Activity
Every line below is to be given again precisely; images are to be left out.

Supplied material

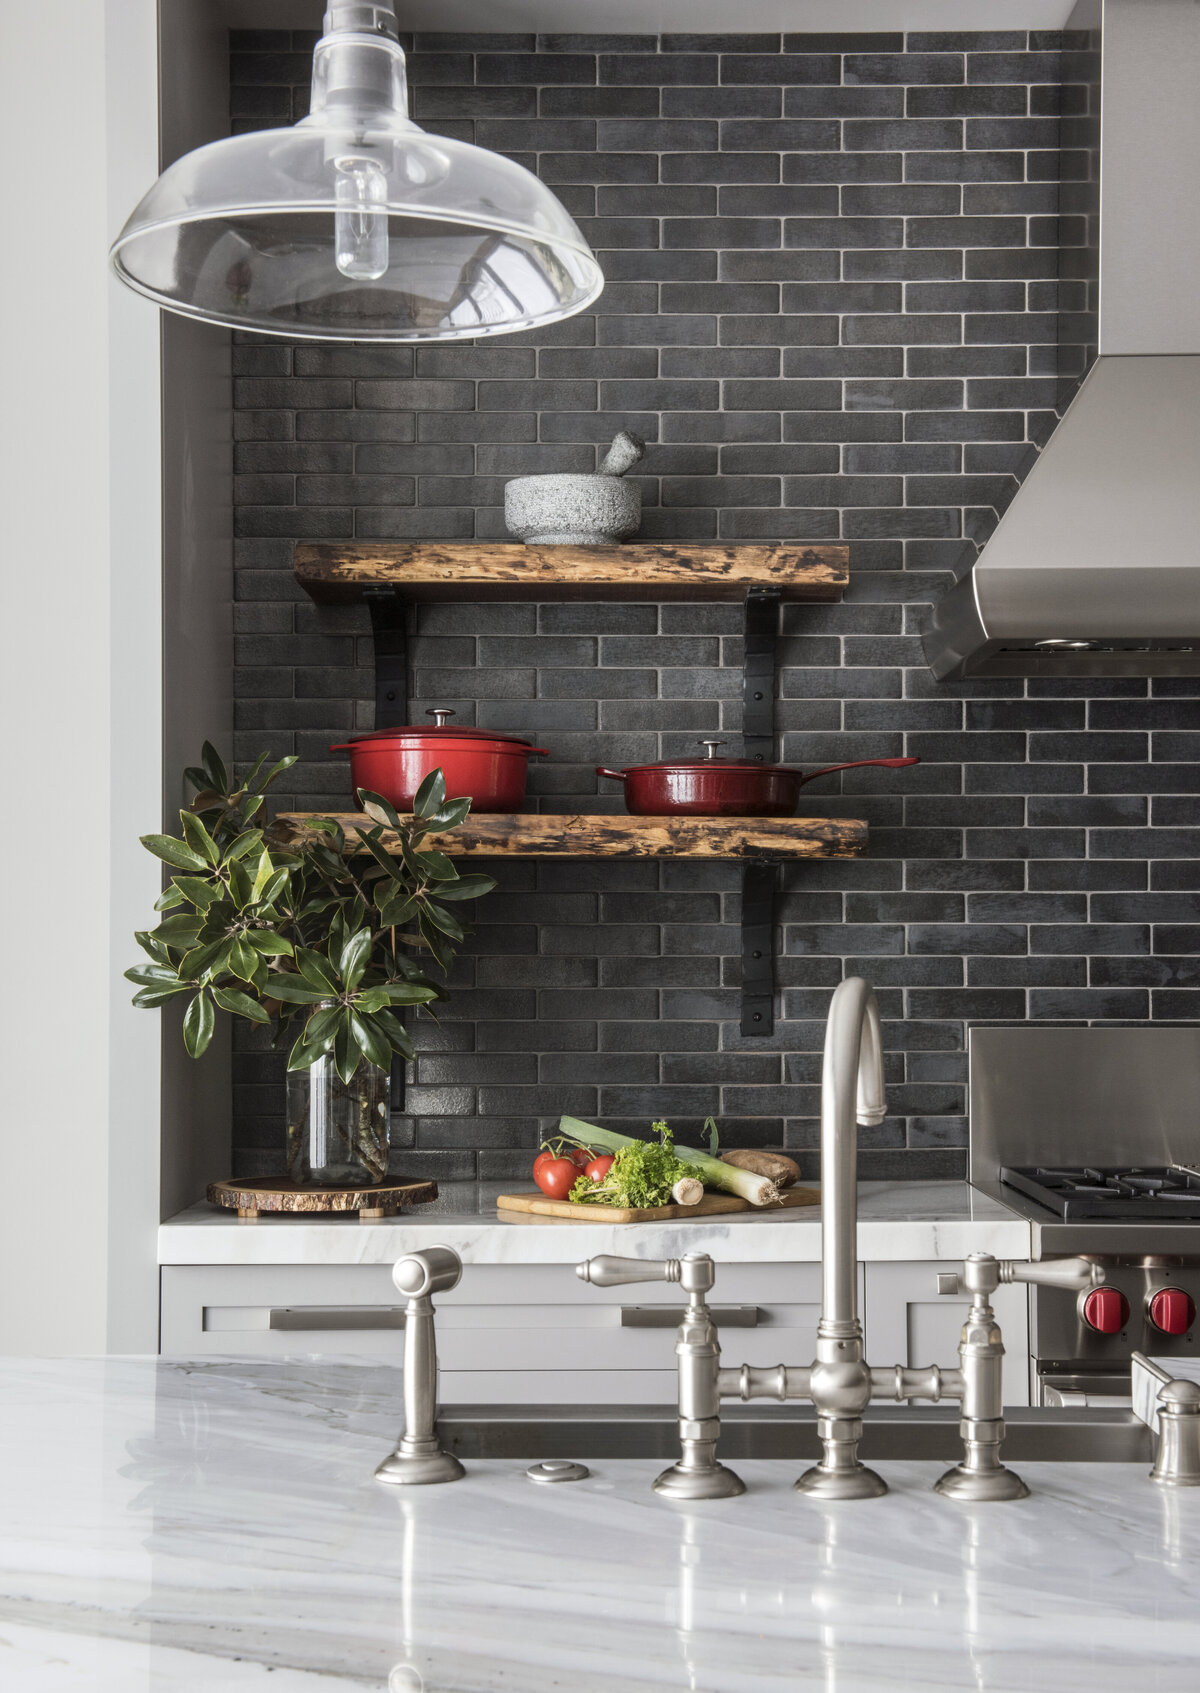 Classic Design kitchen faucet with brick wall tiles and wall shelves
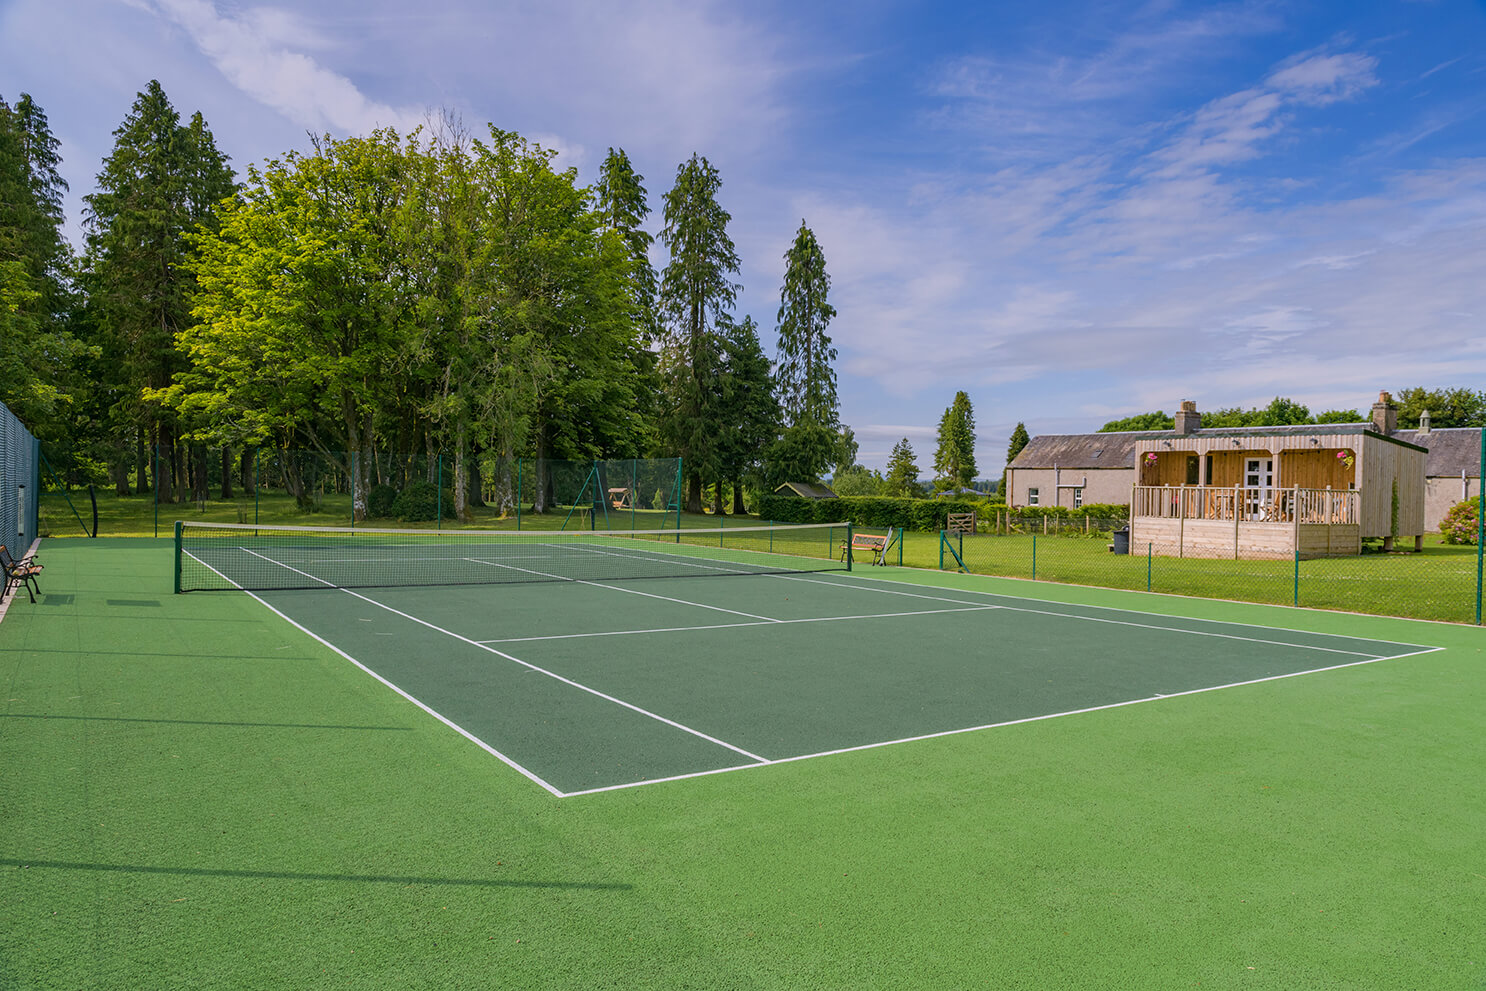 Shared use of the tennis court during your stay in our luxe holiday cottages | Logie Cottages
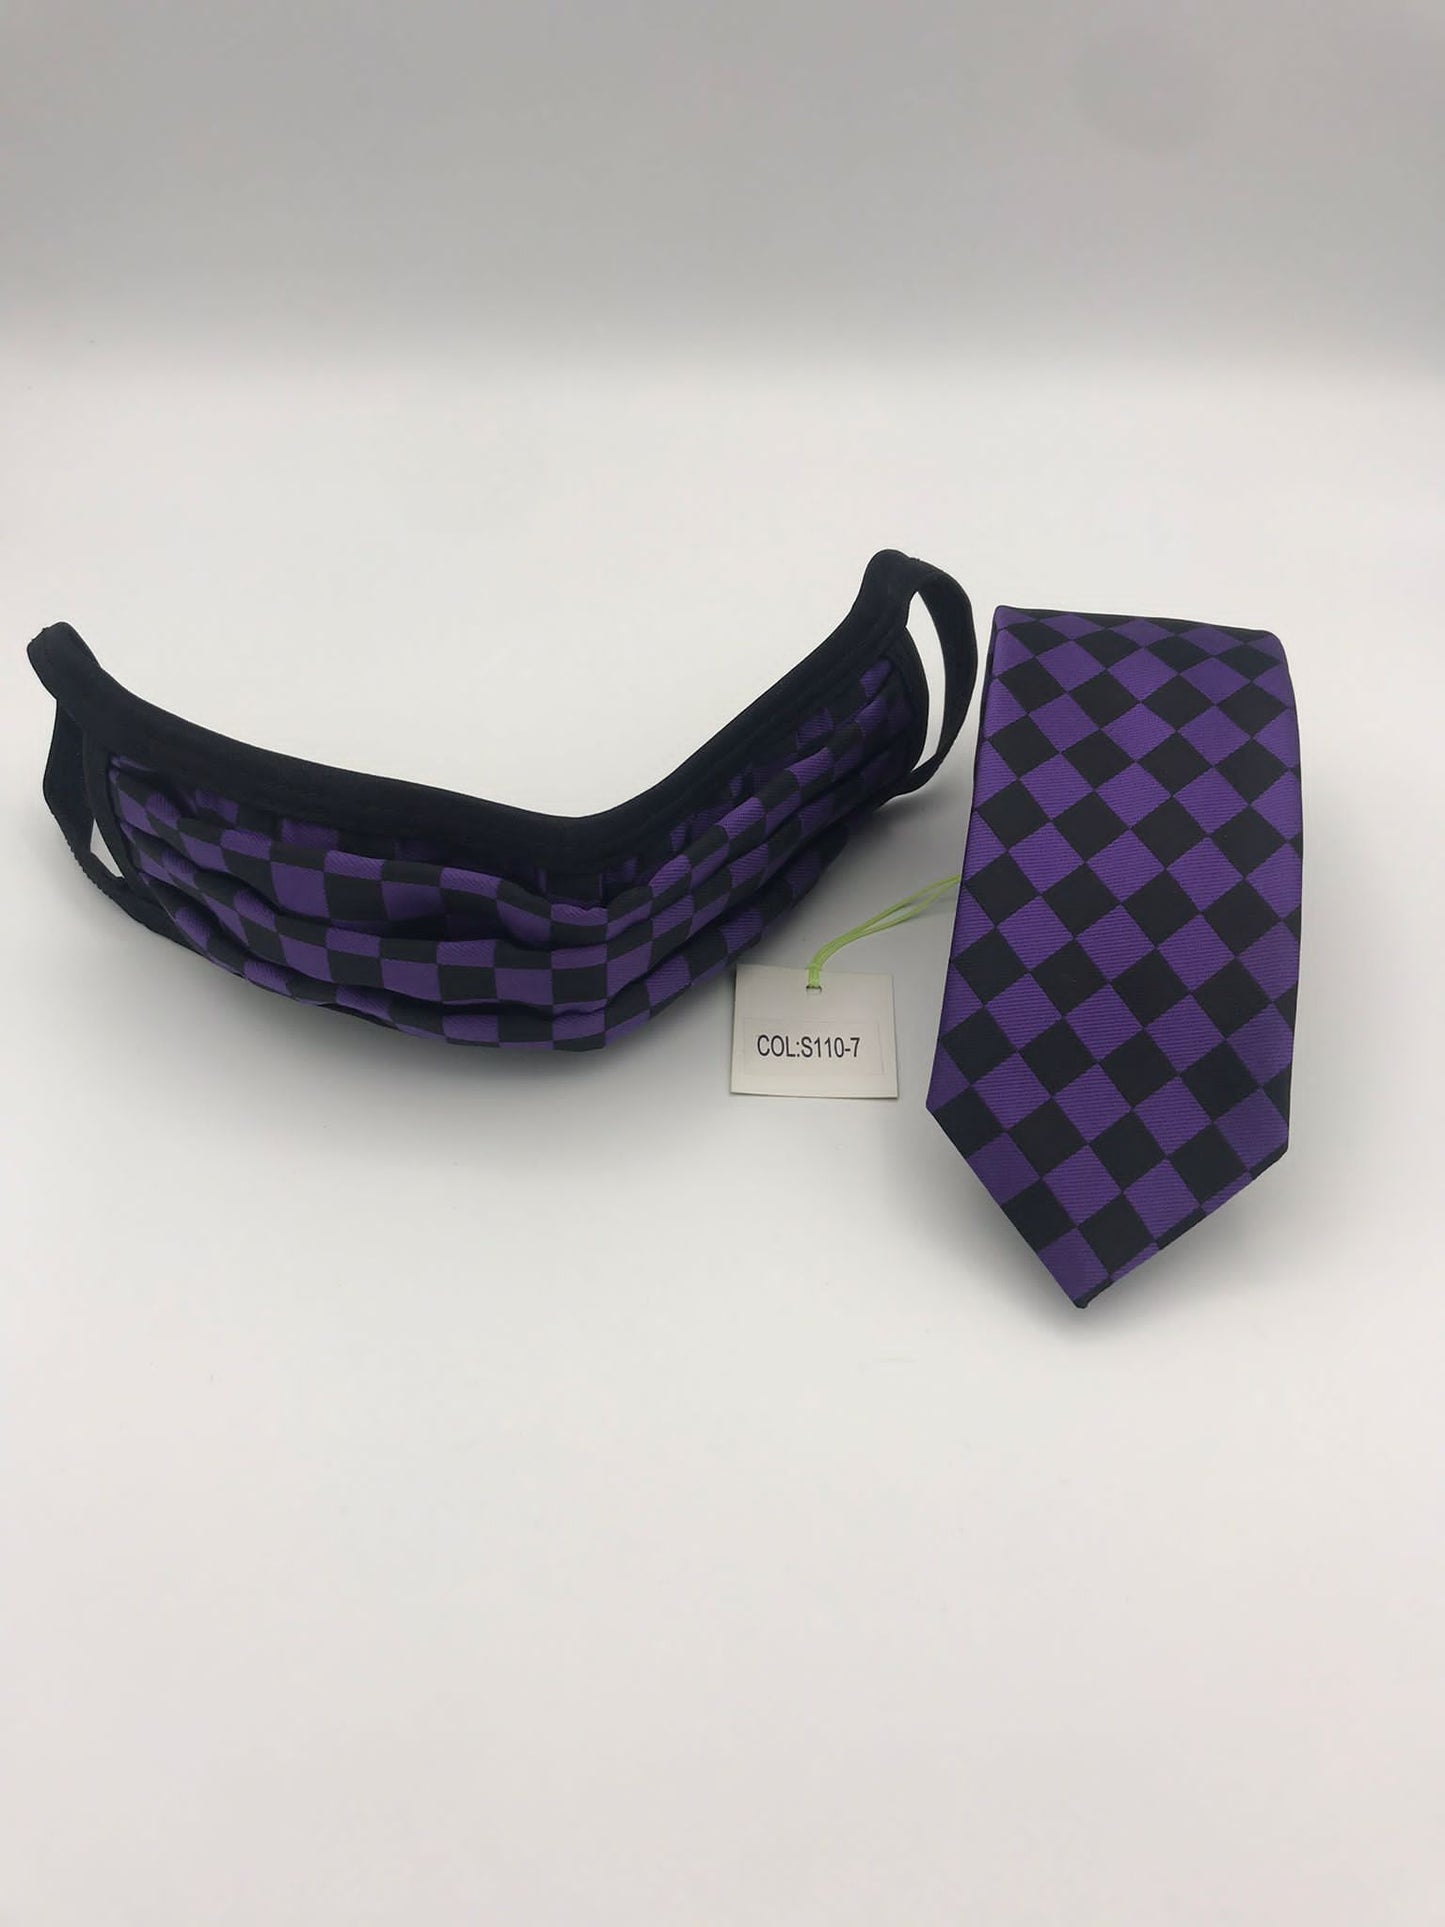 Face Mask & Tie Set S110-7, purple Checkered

Exercise answer
 Classic Design kitchen faucet with brick wall tiles and wall shelves
 Shared use of the tennis court during your stay in our luxe holiday cottages | Logie Cottages
 Face Mask & Tie Set S110-7, purple Checkered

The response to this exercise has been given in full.